# YOUR OBJECTIVE:
Taking the line with "250W BLACK LINE" as the first and the last line of the listing as the final one, please copy exactly those lines and no others, without pictures.

# PROVIDED MATERIAL:
▬▬▬▬▬▬

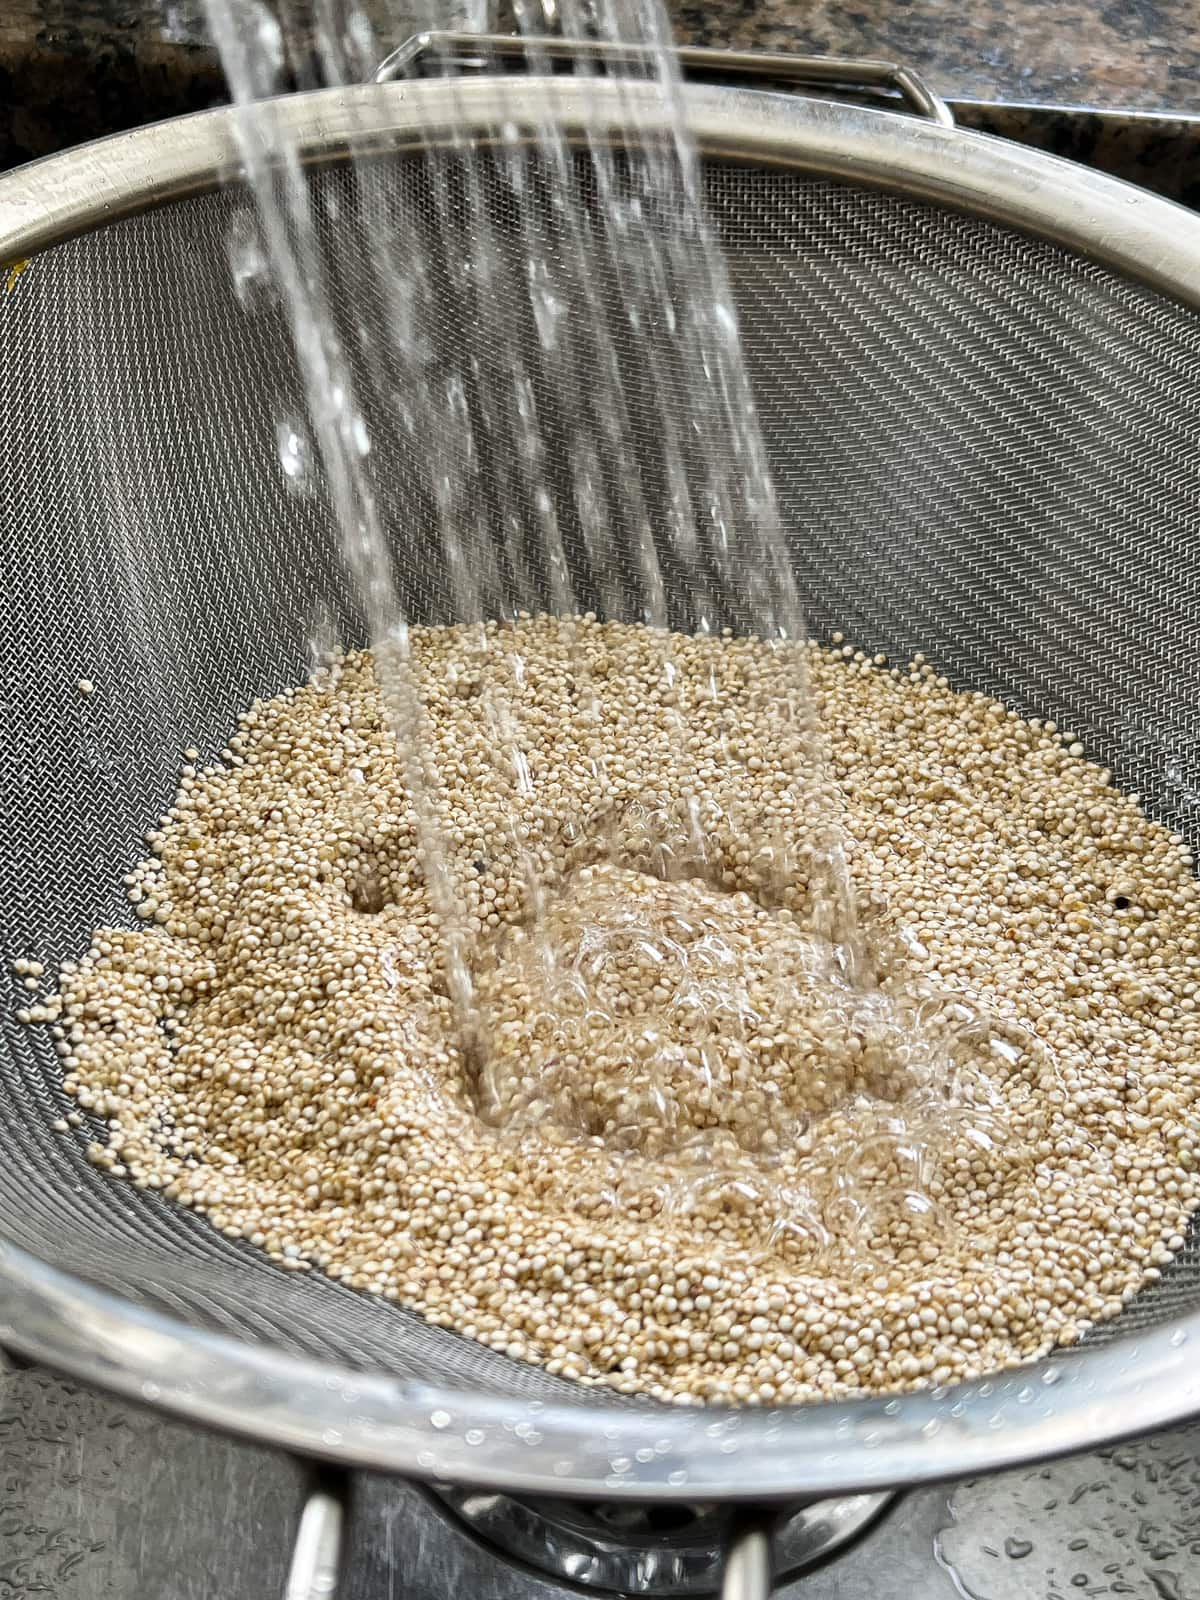 White quinoa being rinsed in a fine mesh sieve. 
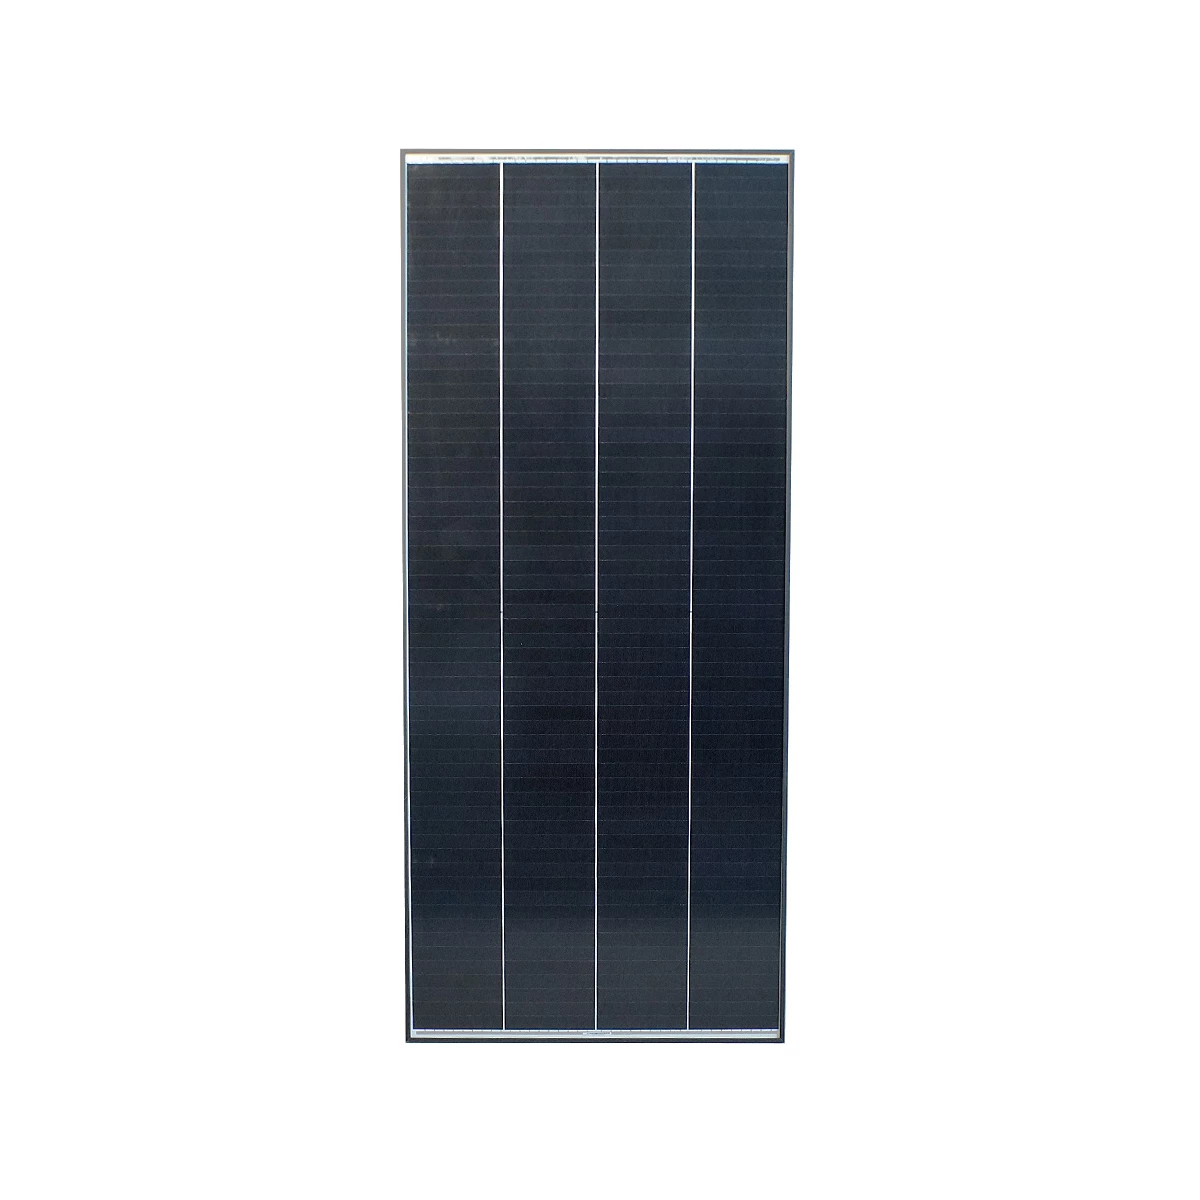 250W BLACK LINE MPPT Wohnmobil Solaranlage mit Schindel Zellen BLS250,  689,00 €
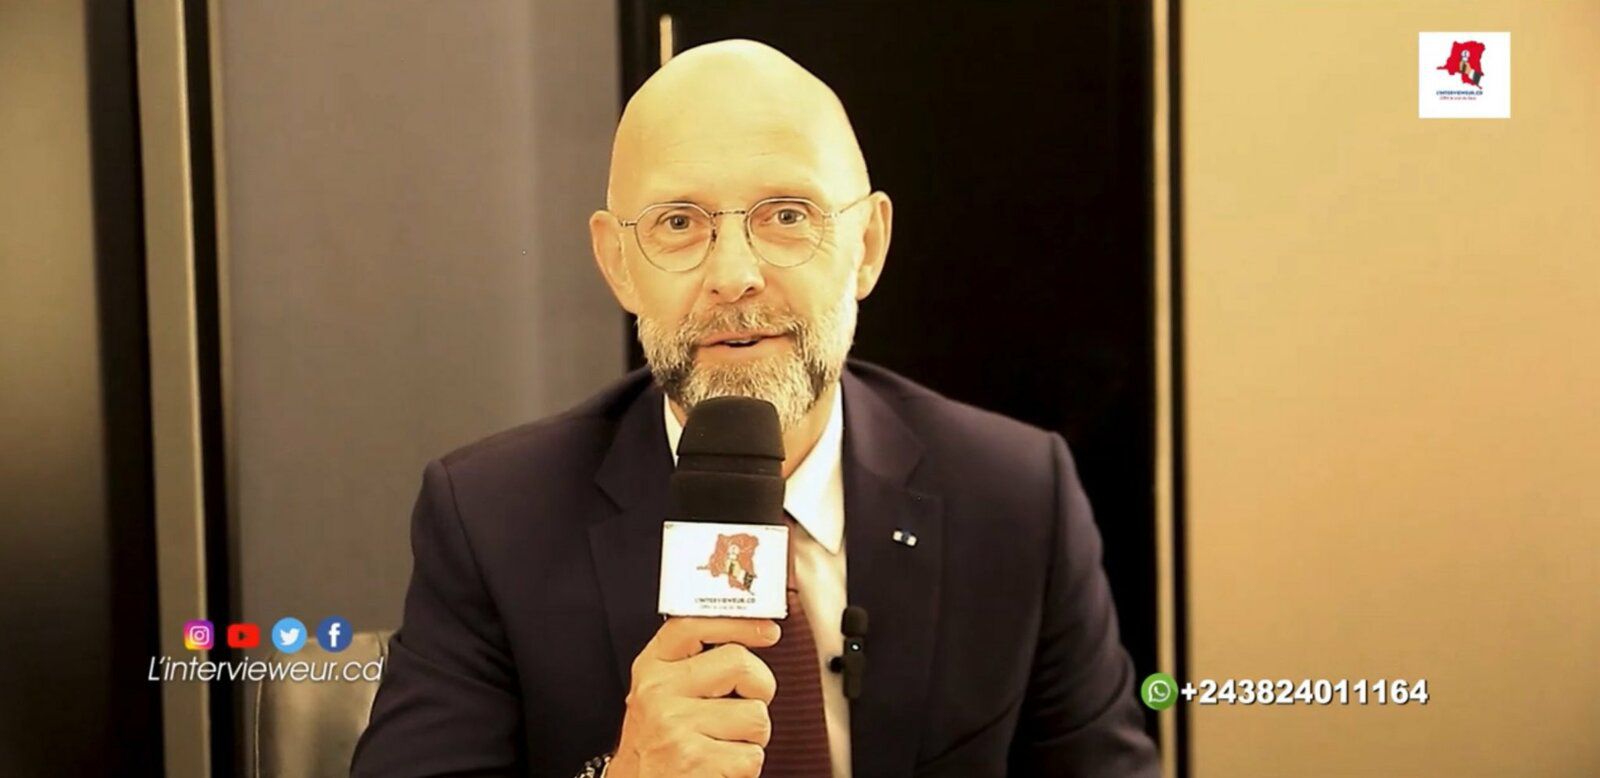 Frédéric Fougerat, Interview de Frédéric Fougerat, Frédéric Fougerat à Kinshasa,

▬▬▬▬▬▬

# WORKED SOLUTION:
 250W BLACK LINE MPPT Wohnmobil Solaranlage mit Schindel Zellen BLS250,  689,00 €
 Frédéric Fougerat, Interview de Frédéric Fougerat, Frédéric Fougerat à Kinshasa,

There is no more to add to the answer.